What does life insurance not cover?
criminal behavior. In general, your beneficiaries won’t get the death benefit if you pass away while committing a crime. This also applies to binge drinking and drug use. For instance, the policy will normally not pay for your death if you pass away while driving while intoxicated, which is against the law.
risky pastimes. Some insurance policies won’t pay out if you pass away while engaging in a risky hobby, such as skydiving.
Misrepresentation. Your policy could be cancelled by the insurer if you lie on your life insurance application. When applying for coverage, be as truthful and transparent as you can.
How does life insurance work?
The insured person’s life is protected by life insurance. The person or entity who pays the premiums to an insurance company is known as the policyholder, who may not be the same as the insured. In exchange, the insurer gives the beneficiaries indicated on the insurance a sum of money.
The operation of term life insurance
With term life insurance, you are covered for the 10, 20, or 30 years you specify at the time of purchase. The policy will pay your beneficiaries the amount specified in the policy if you pass away during the covered period. No one is compensated if you do not pass away during that time.
Because it gives significant payouts at a lesser cost than permanent life, term life insurance is popular. It also offers protection for a predetermined period of time.
The average term life insurance policies come in a few different forms. Longer and possibly more flexible coverage is possible with convertible policies because you can convert them to permanent life policies for a greater cost. The death benefit of decreasing term life insurance plans, such as mortgage protection insurance, decreases over time and is frequently timed to the gradual repayment of significant debts.
How permanent life insurance works
As long as you keep up with your premium payments, permanent life insurance policies normally cover you until your death. The most popular form of permanent insurance is whole life, although there are other varieties as well, including as universal life, indexed universal life, and variable life.
As they get older, permanent life insurance policies accrue cash value. The cash value, which has the potential to earn interest, is increased in part with each premium payment.
While the cash value of universal insurance policies might vary, it grows at a fixed rate for whole life insurance policies.
While you are still living, you can use the cash value of your life insurance. You can withdraw money from it, borrow money from it, or just use the interest payments to pay the premium in the future. You can even cancel the insurance and receive the cash surrender value if you no longer require coverage.
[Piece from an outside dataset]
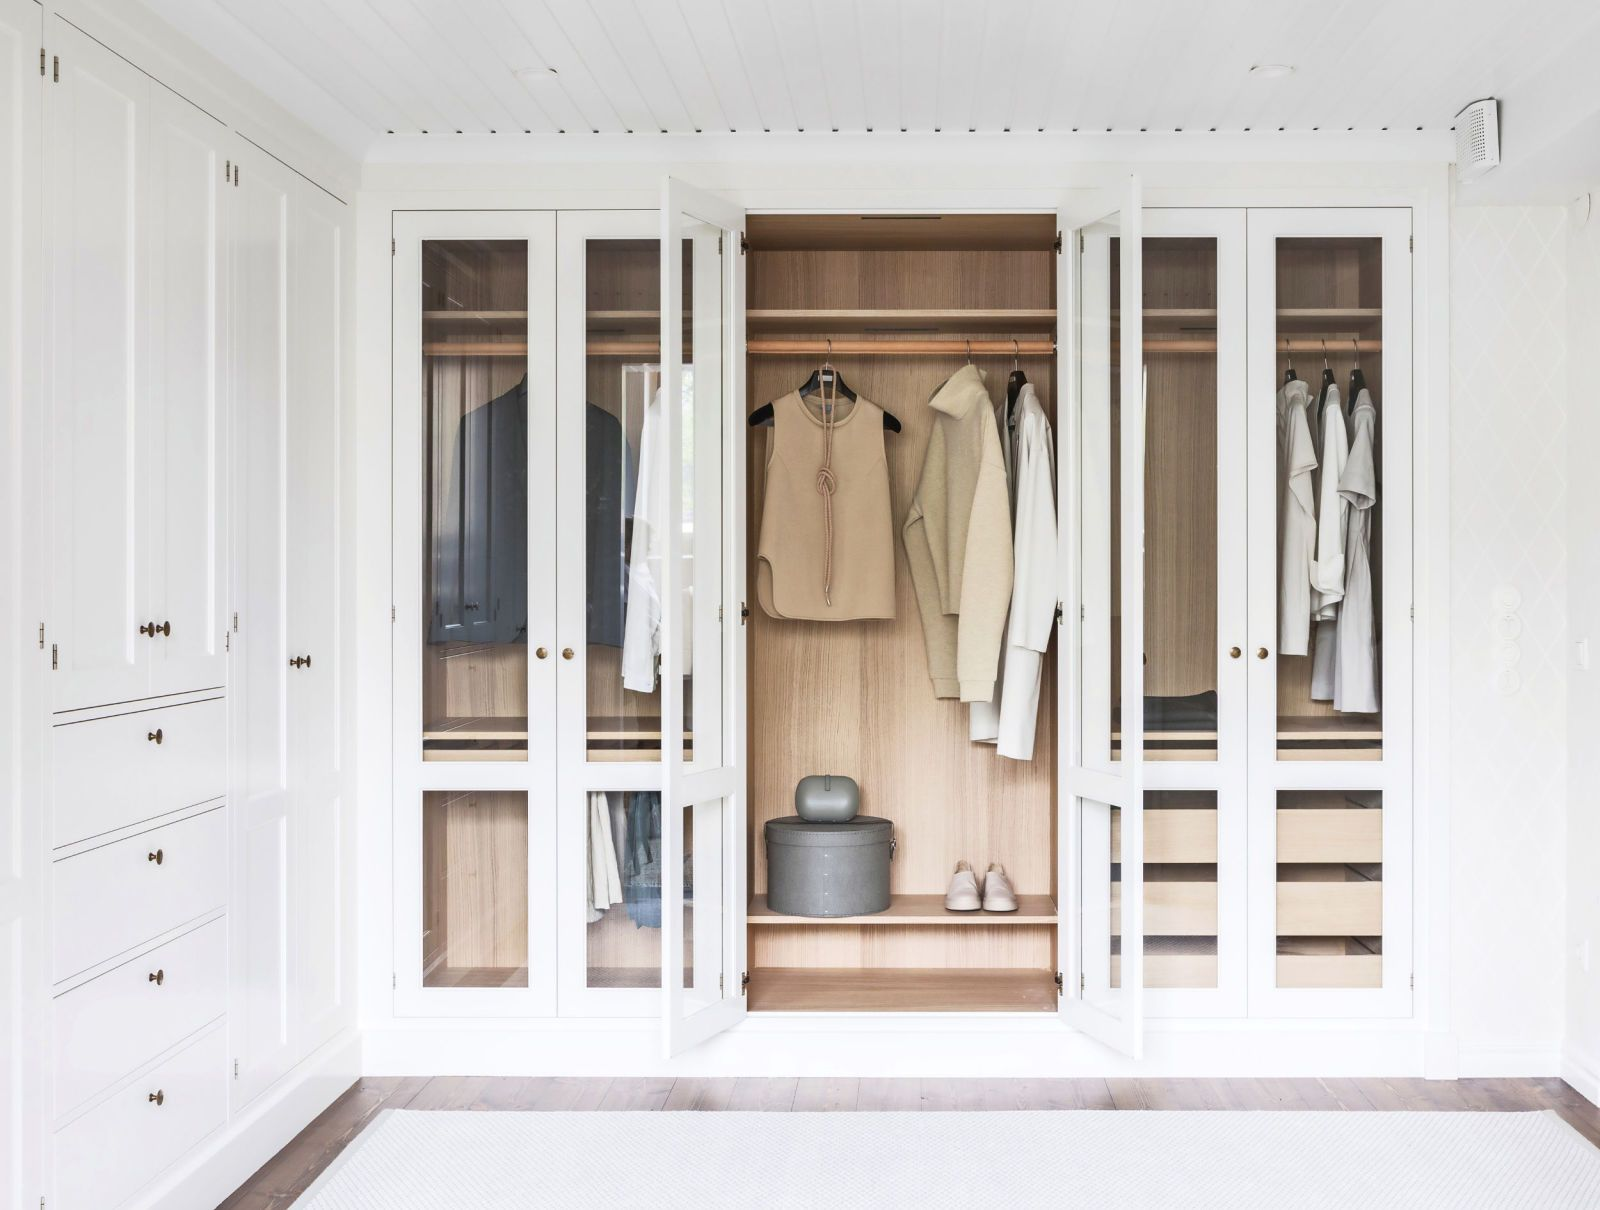 vit-garderob-med-bade-sluten-och-oppen-fo-rvaring-fra-n-kvanum-6005508-elle-decoration

Before using any of these options, consult a fee-based life insurance professional to discuss any potential complex tax implications.
Complete life insurance
Whole life insurance sound like excellent products with their guaranteed payouts, possible cash value, and fixed premiums, but all of stuff comes at a price: money. Compared to term life insurance premiums, whole life premiums are significantly higher.
You can tell the difference if you compare average life insurance premiums. For instance, a 30-year-old woman in good health will pay about $4,015 a year on average for a $500,000 whole life insurance policy. According to Quotacy, a brokerage company, that same level of coverage would run you an average of $188 each year with a 20-year term life policy.
Think twice before considering entire life insurance as an investment. It is merely a type of life insurance that accrues monetary value over time, and other forms of investing are probably going to yield higher returns.